Another issue that is more important due to the amount was that the Government is unable to track its retired work force properly and this has led to payments of over $120 million a year to deceased persons. Sometimes this is due to fraud by the relatives of employees but most of the time it is because they don’t know that person is dead. Now $120 million in a budget of $3.5 trillion is a small amount but again it illustrates how hard tracking all of the expenditures is.

Then there is just outright contractor greed and crime. There are lots of ways for corrupt companies and Federal employees to take advantage of the procurement business.

Two recent examples illustrate this problem.
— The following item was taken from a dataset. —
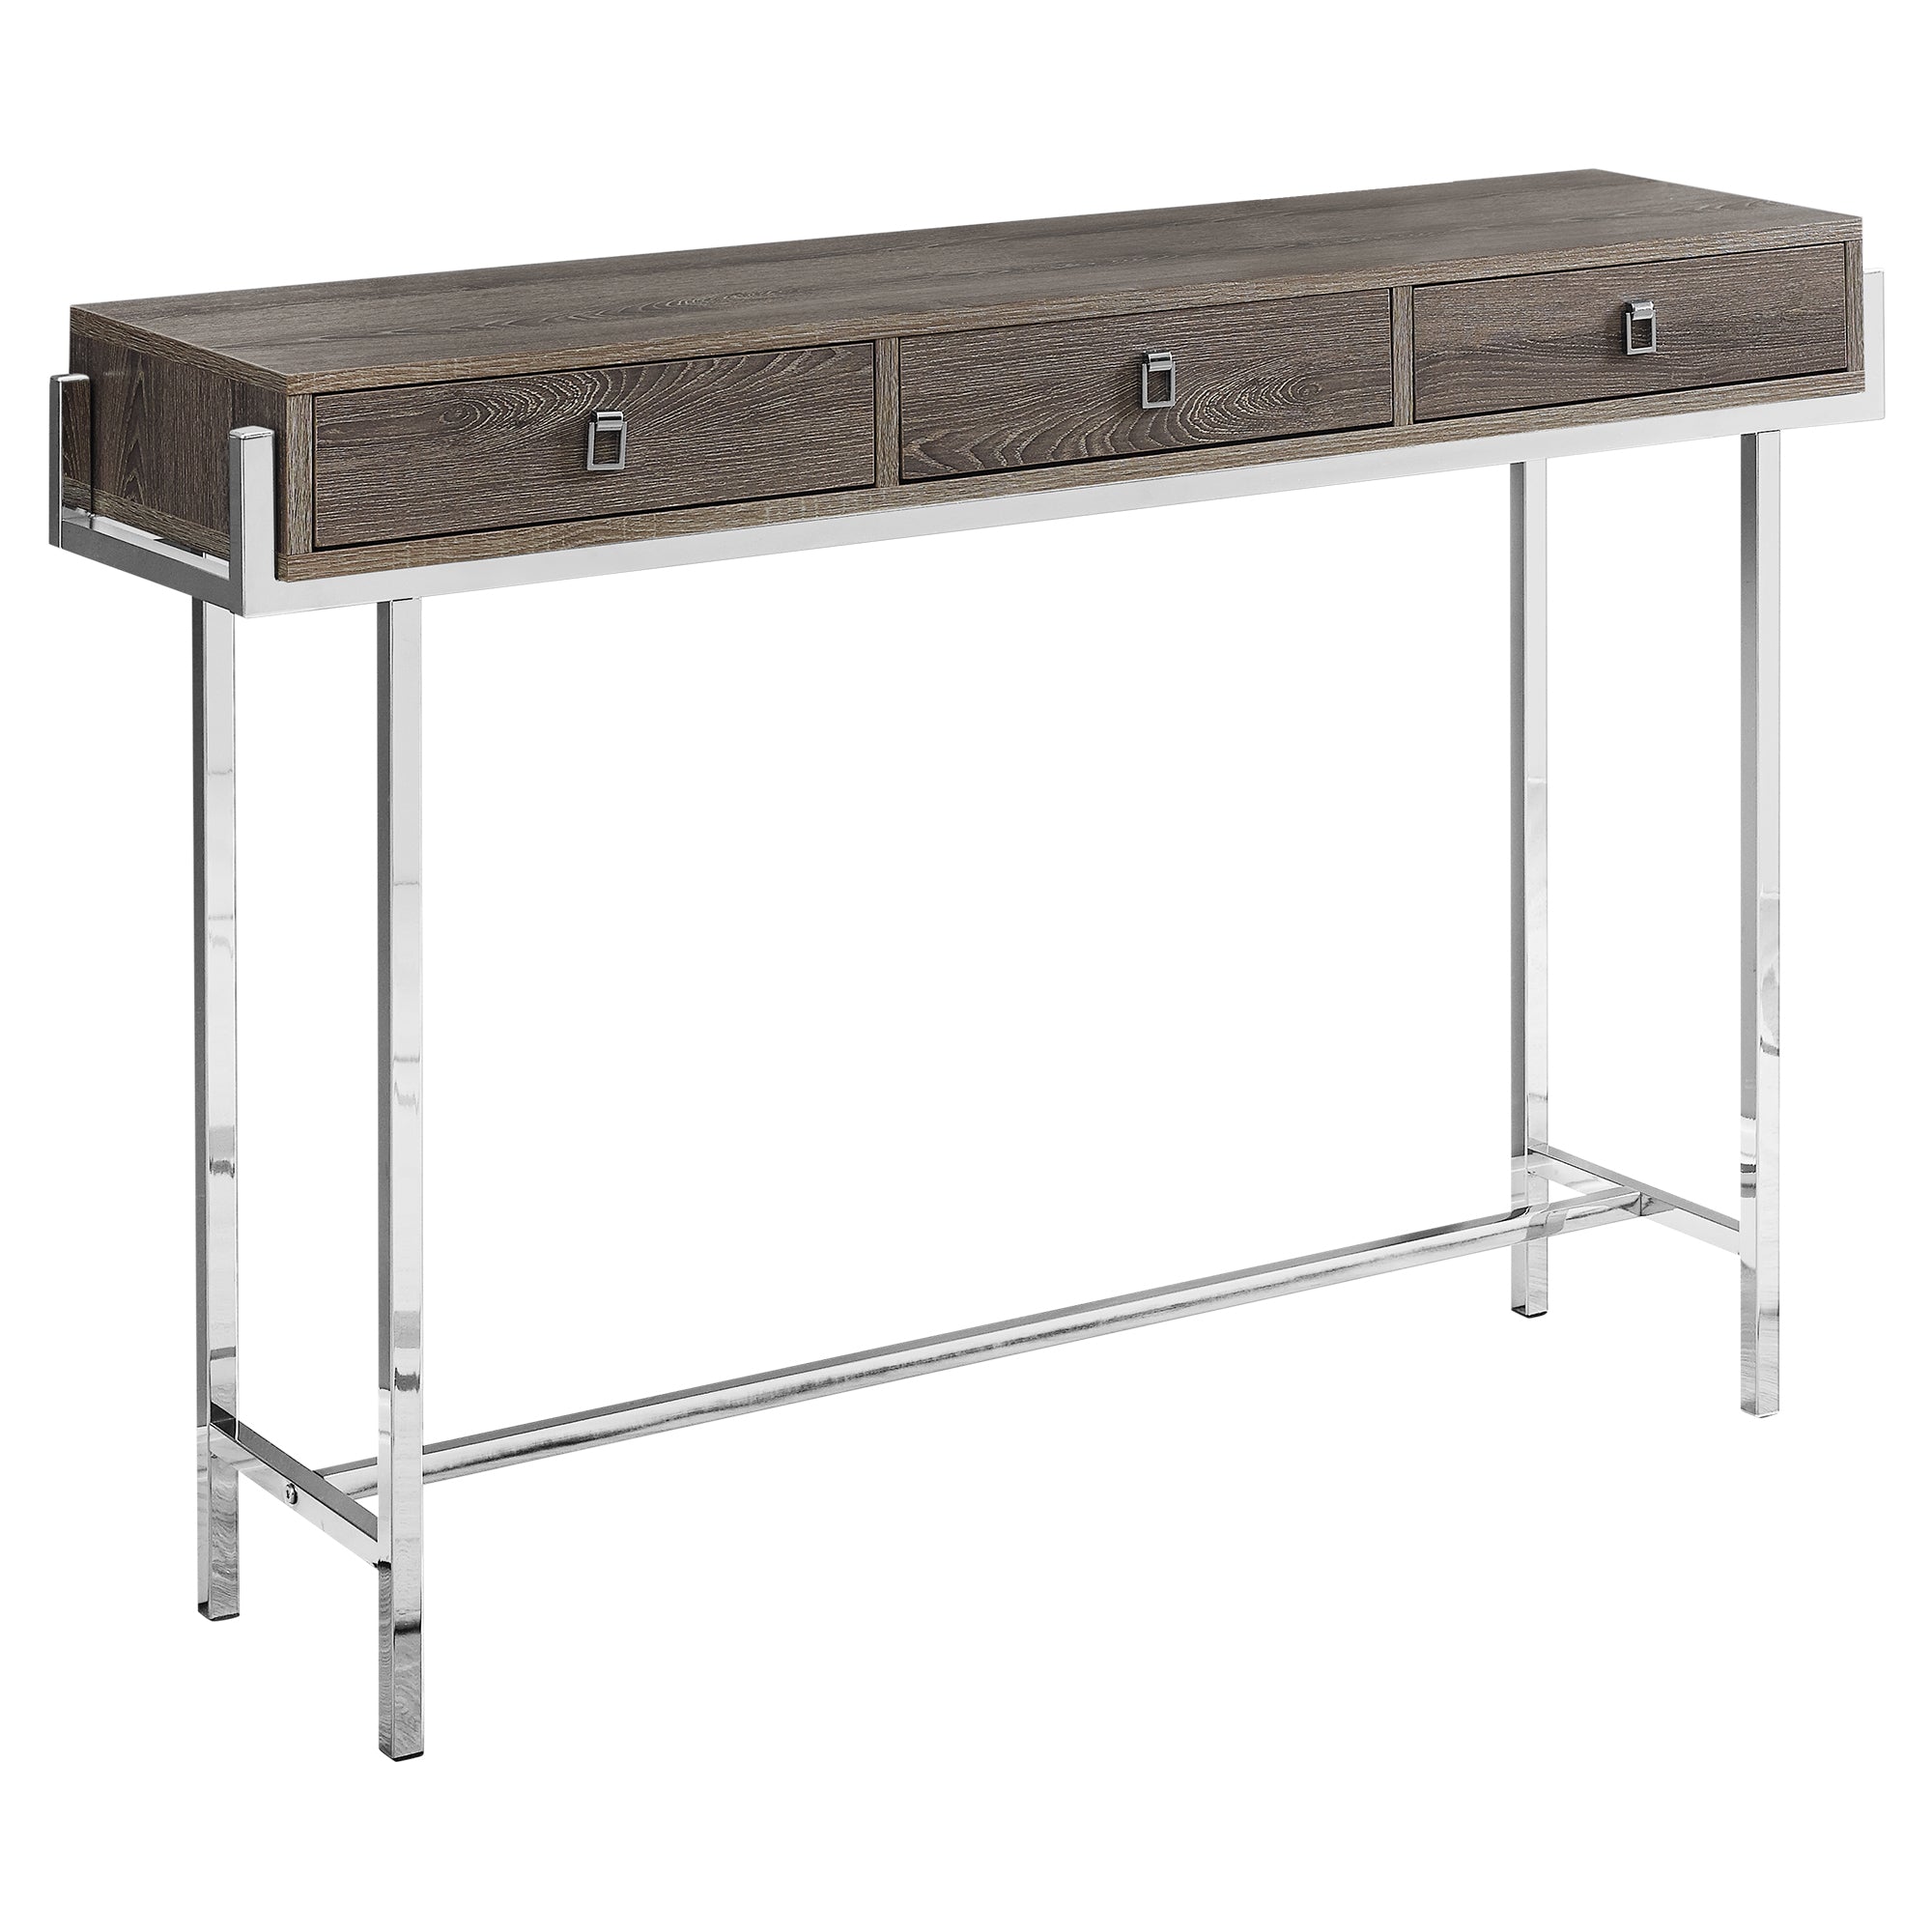 MN-193299    Accent Table, Console, Entryway, Narrow, Sofa, Living Room, Bedroom, Metal Legs, Laminate, Dark Taupe, Chrome, Contemporary, Modern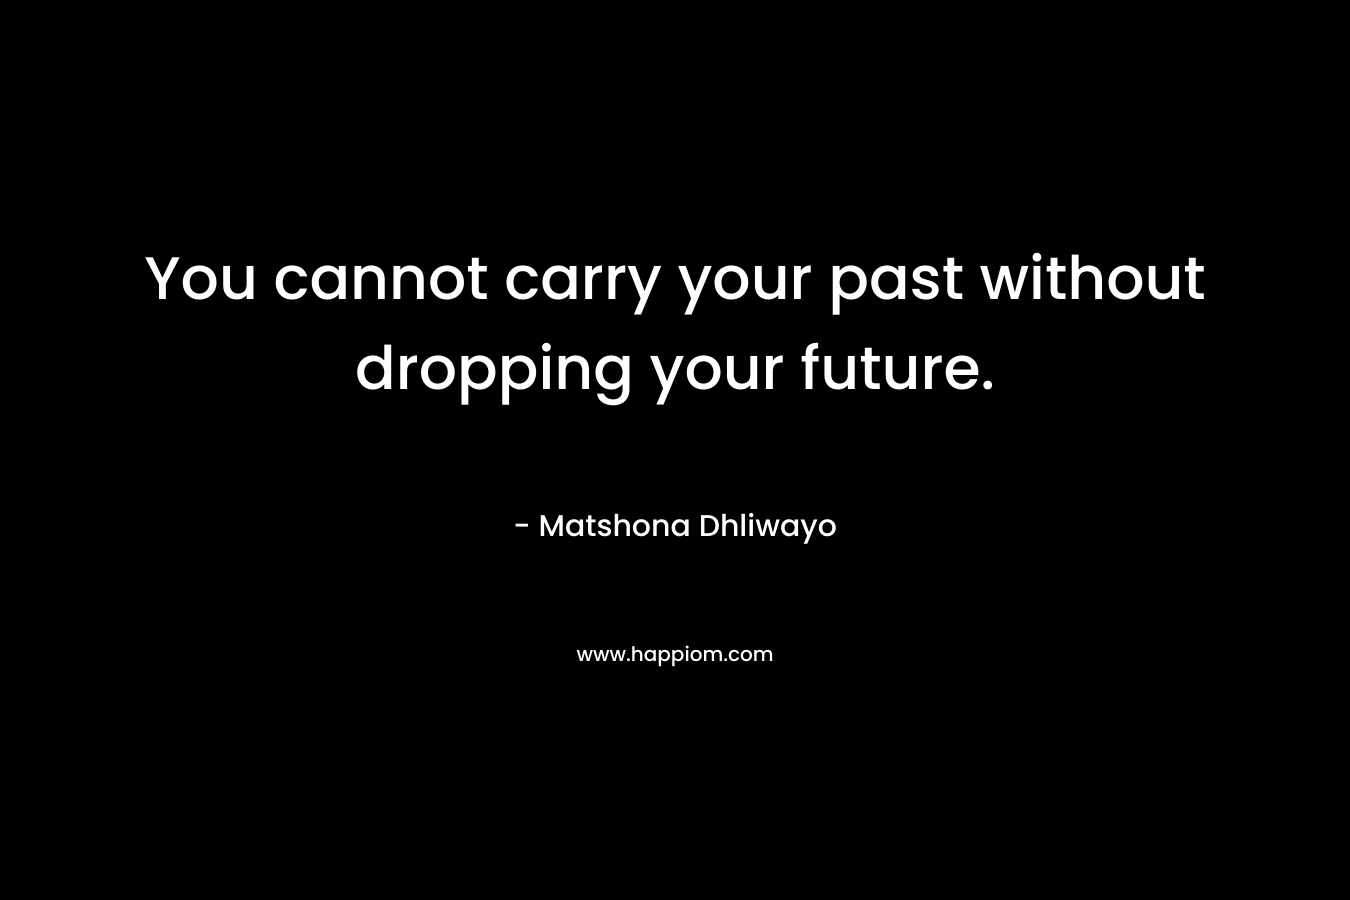 You cannot carry your past without dropping your future.

In the first a small defense contractor has been charged with paying bribes to two contracting officials to get them to award his company a contract for a security vehicle to be used in Afghanistan. The bribes only totaled $20,000.00 and the contract was for $200,000.00. Reportedly they all knew each other from service together in the Army. Then to make it worse he didn’t deliver the product. Direct bribes like this are not common and the Federal government has been cracking down on this in the last few years. In 2010 the Justice Department got a settlement from the British defense contractor BAE Systems (BAE:LSE) for bribes to gain a major Saudi contract. There have been other recent cases involving KBR (KBR) and the Dutch company Siemens as well.

In another example a company in Alabama paid a settlement with the Justice Department over charges that it pretended to be located in a Historically Underutilized Business Zone (HUBZONE) when it was not to gain a competitive advantage. HUBZONE’s are for areas, predominantly minority, that haven’t received a great deal of Federal contracts. To spur investment in these areas the Government weights contract evaluations or sets aside contracts for these companies to help them gain work. The company here said its offices were in the HUBZONE when they were actually located in a nearby major office park. The company was able to win a set aside contract through this deceit.

The Federal and State Governments have a great deal of programs like this to help disadvantaged groups and companies. These include special programs for businesses owned by Native Americans, minorities and women. There is a temptation to take advantage of these to gain work by companies that shouldn’t qualify. For smaller business one or two contract may make a big difference in their bottom line and the compensation of their executives which leads to temptation. The chance of audit and review seem low leading to these cases.

When you are spending billions each year it can sometimes be hard to keep track of the little things. This is one of the reason there is fraud and waste with government spending. The Government needs to do a better job of following their spending and the contractors they use. At the same time layers of review and regulation may not fix the problems. Another way would be to reduce the number of special and set aside programs to limit temptation. This would also improve the ability to award contracts in a timely fashion. Every layer of review and audits delays processing of the contract and payment of the contractor.

As the Federal Government shrinks spending there will be more cases of fraud and crime as the temptation for contractors to keep the work they have and fight over the smaller pie of contracts will increase. That means companies will potentially use bribes, falsified status or other means to win them. The Government will also have to do a better job of eliminating problems to maximize the value of their remaining dollars. There will be a whole sale shift in some practices in theory such as eliminating things like conferences and travel in order to economize. Changes such as this will take time and to be honest may never happen leading to more deficit spending and waste.